Food Delivery: FeastFleet
FeastFleet is a food delivery app that uses location information for deliveries and historical order data for driver allocation, restaurant recommendations, and discount offers.
Regulatory considerations:
- Data privacy and location tracking regulations
- Fair labor practices for gig economy workers
Compliance strategies:
- Implement granular location permissions, allowing users to control when and how their location is tracked.
- Develop an explainable AI system for driver allocations to ensure fair distribution of work.
- Use anonymized data for restaurant recommendations and promotional offers to protect user privacy.
- Implement a robust data deletion process for users who delete their accounts.
FinTech: MicroShares
MicroShares is a fintech app that allows users to buy and sell partial shares in stocks on demand.
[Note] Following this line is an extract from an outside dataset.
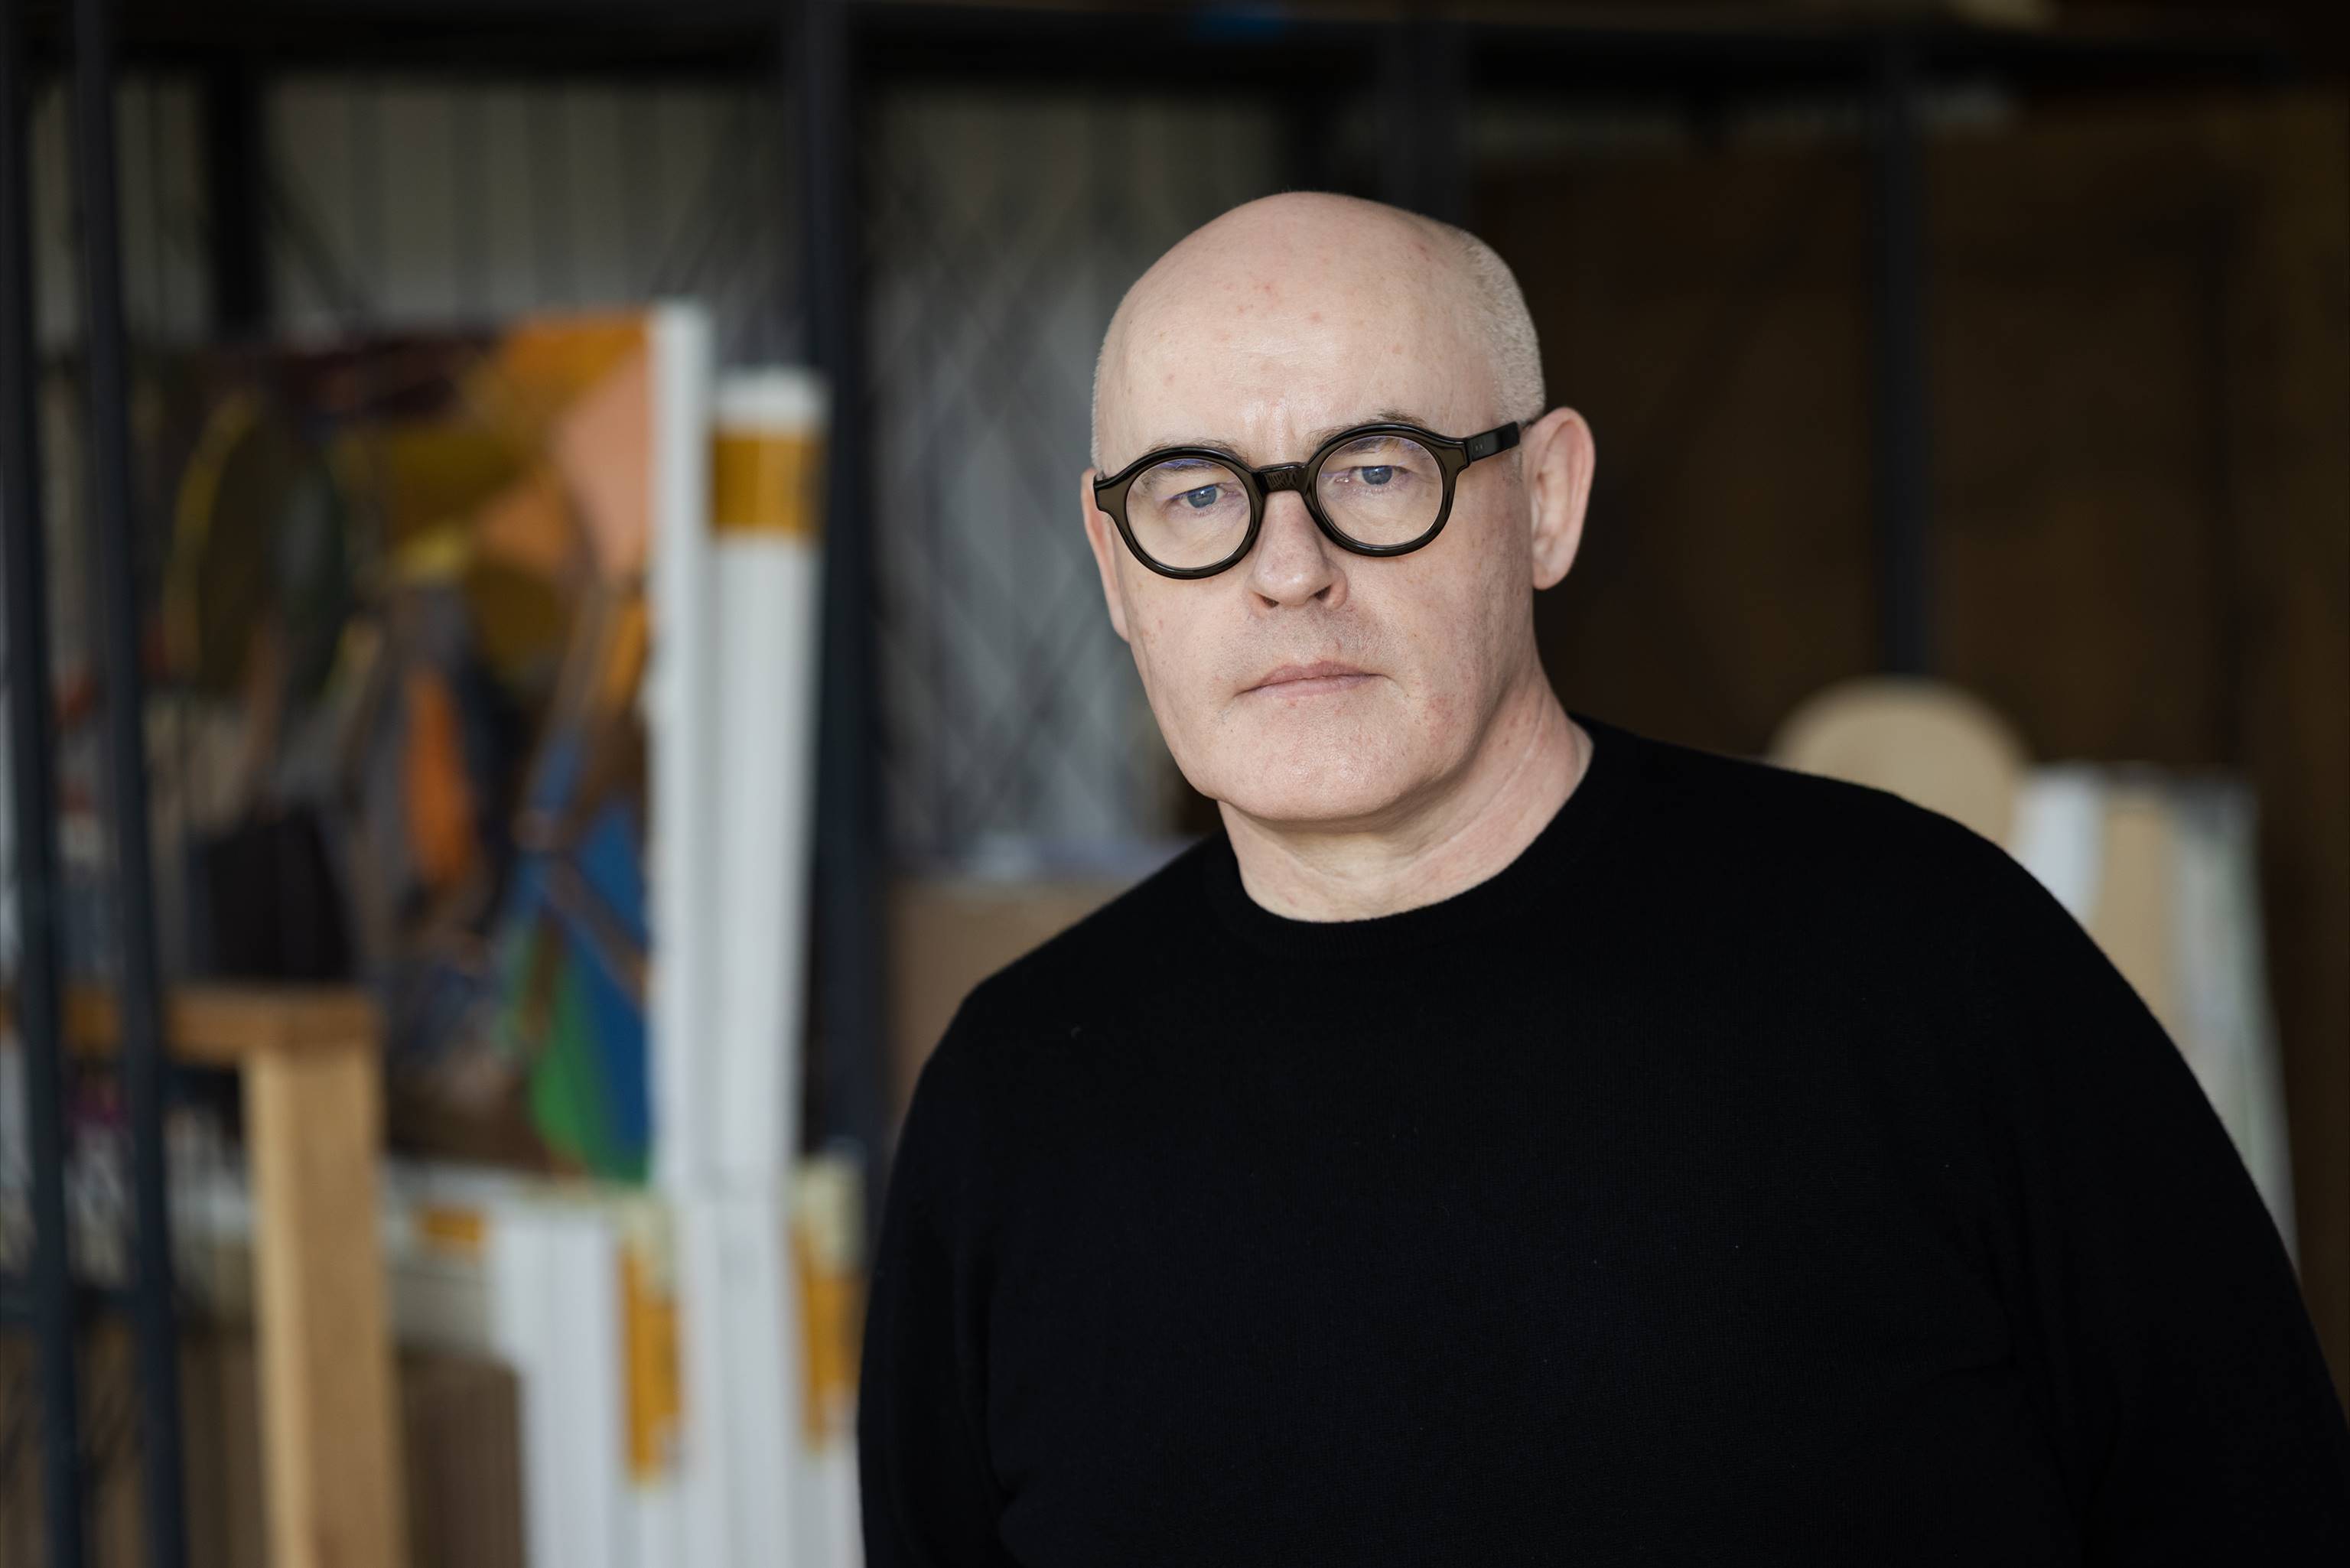 NCAD APPOINTS PROMINENT, GLOBAL ARTS EDUCATOR TO HEAD ITS SCHOOL OF EDUCATION

Regulatory considerations:
- Financial regulations and securities laws
- Anti-money laundering (AML) and Know Your Customer (KYC) requirements
- Data privacy and security for financial information
Compliance strategies:
- Implement a robust AI-driven KYC and AML system with human oversight for flagged cases.
- Develop an explainable AI model for investment recommendations that complies with financial advice regulations.
- Use secure, encrypted channels for all financial transactions and data storage.
- Implement a real-time transaction monitoring system to detect and prevent fraudulent activities.
- Develop clear, AI-generated reports for users that explain their investment performance and associated risks in plain language.
These fictional micro case studies demonstrate how businesses in different sectors can proactively address regulatory concerns while building products around AI.
Strategies for Compliance and Adaptation
As you’re working out your product strategy you’re going to want take a whole list of things into consideration. This is that list:
- Prioritise transparency and explainability: Ensure your systems can clearly articulate how decisions are made, especially if your product and its usage of AI falls in the High Risk category.
- Implement robust data governance: Establish clear protocols for data collection, storage, and usage. If your product has an international audience you may already by intending to comply with privacy regulations like GDPR or CCPA.
- Conduct impact assessments: Evaluate the potential risks and societal impacts of your AI systems.
- Foster a culture of responsible AI: Invest in training your team on ethical AI practices and create internal guidelines for AI development and deployment.
- Consider alternative approaches: If certain applications become heavily regulated, explore less regulated areas or focus on developing AI tools that augment human decision-making rather than replace it entirely.
- Stay agile and adaptable: Be prepared to pivot your product strategy or business model if necessary, keeping a close eye on regulatory developments.
For a deeper dive and a guided process on assessing your AI use, the Department of Industry, Science and Resources has published the AI Impact Navigator along with a set of tools and templates for using it.
Wrapping it all up
Chances are your use of AI falls in the Low Risk category. And as long as you practice good data governance and fulfill any required privacy regulations around the data you collect then the burden of any new AI legislation will probably be minimal.
If your product falls into the High Risk category – and that is where many profitable niches live (within the health and finance domains) – then you need to be prepared to deal with the requirements.
On the bright side, by the time the AI legislation rolls into law there will probably be AI-based tools to help you with achieving compliance anyway.